Bets reveal plans to tackle high oil prices as inflation worries voters

Ramon Royandoyan - Philstar.com
Candidates at the first nationally televised presidential debates at the University of Santo Tomas in Manila and aired on CNN Philippines on Sunday, Feb. 27, 2022.
Marvin John Uy for Philstar.com

MANILA, Philippines — From suspending the collection of excises taxes on petroleum products to the very tedious process of revisiting the Oil Deregulation law, presidential candidates on Sunday offered solutions to rallying fuel costs as elevated prices worry voters.

Global oil prices have slowly increased since midway of last year as economies emerged from lockdowns while supply remained tight. But last week, global oil prices soared above $105 a barrel for the first time since 2014, as Russia, a major oil producer, starts its invasion of Ukraine.

Being a net oil importer, the Philippines is expected to take a heavy blow from rising oil prices abroad, with the government announcing last week it will dole out fuel subsidies worth P2.5 billion for the public transport sector and P500 million for the agriculture sector.

At a debate hosted by CNN Philippines over the weekend, presidential bets revealed their plans to soften the impact of motoring pump prices on consumers.
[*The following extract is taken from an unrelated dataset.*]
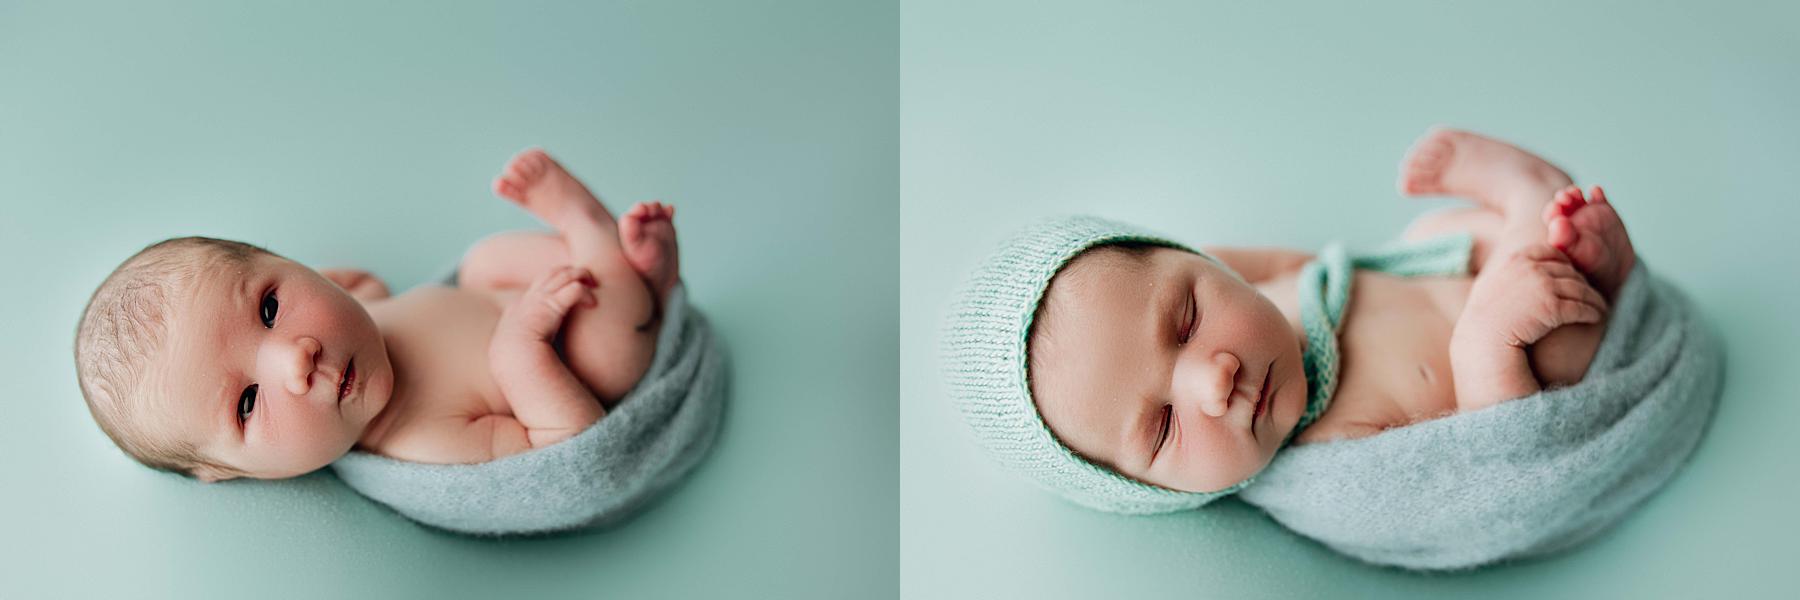 Concord newborn photographer, pleasant hill photographer, Jessica mccoyphotography, natural newborn photographer, neutral newborn poses, Bay Area newborn photographer

Candidate Ferdinand “Bongbong” Marcos Jr., a frequent debate skipper, did not attend the event held at the University of Santo Tomas.

Leni Robredo

Vice President Leni Robredo called for the suspension of excise taxes on fuel and distribution of subsidies to mitigate the impact of soaring world oil prices.

"First, oil supply will surely be affected. We have fuel subsidies currently, we need to move for the automatic suspension of excise taxes," Robredo said.

At the same time, Robredo stressed the need to find more energy sources for the Philippines, as supply from the Malampaya oil fields, which supplies all of the country's current natural gas, is seen for decommissioning between 2027 and 2029 after a projected decline in energy output starting 2024.

"We have to guard sources of power, too. Now, the price of electricity is increasingly high. The implementation of value-added taxes should be examined as well," she added.

Leody De Guzman

Labor leader Leody de Guzman wants to scrap the Ramos-era Oil Deregulation Law.

"We should inactivate the oil deregulation law. If it stays in its deregulated state, big corporations have the upper hand in earning double the profits," De Guzman said in the same debate.

Last year, the Department of Energy said it asked Congress to amend the law to allow the unbundling of costs of retail petroleum products. The amendments would also include giving DOE the power to suspend oil excise taxes when global prices are high. This plan is seen as a long-term fix to the problem, but it would have to go through a tedious and lengthy legislative process.

Sen. Panfilo Lacson

Another aspirant, Sen. Panfilo Lacson, pointed out that there were provisions in the national budget this year that would automatically activate funds for fuel subsidies if world oil prices hit an average of $80 a barrel for three straight months.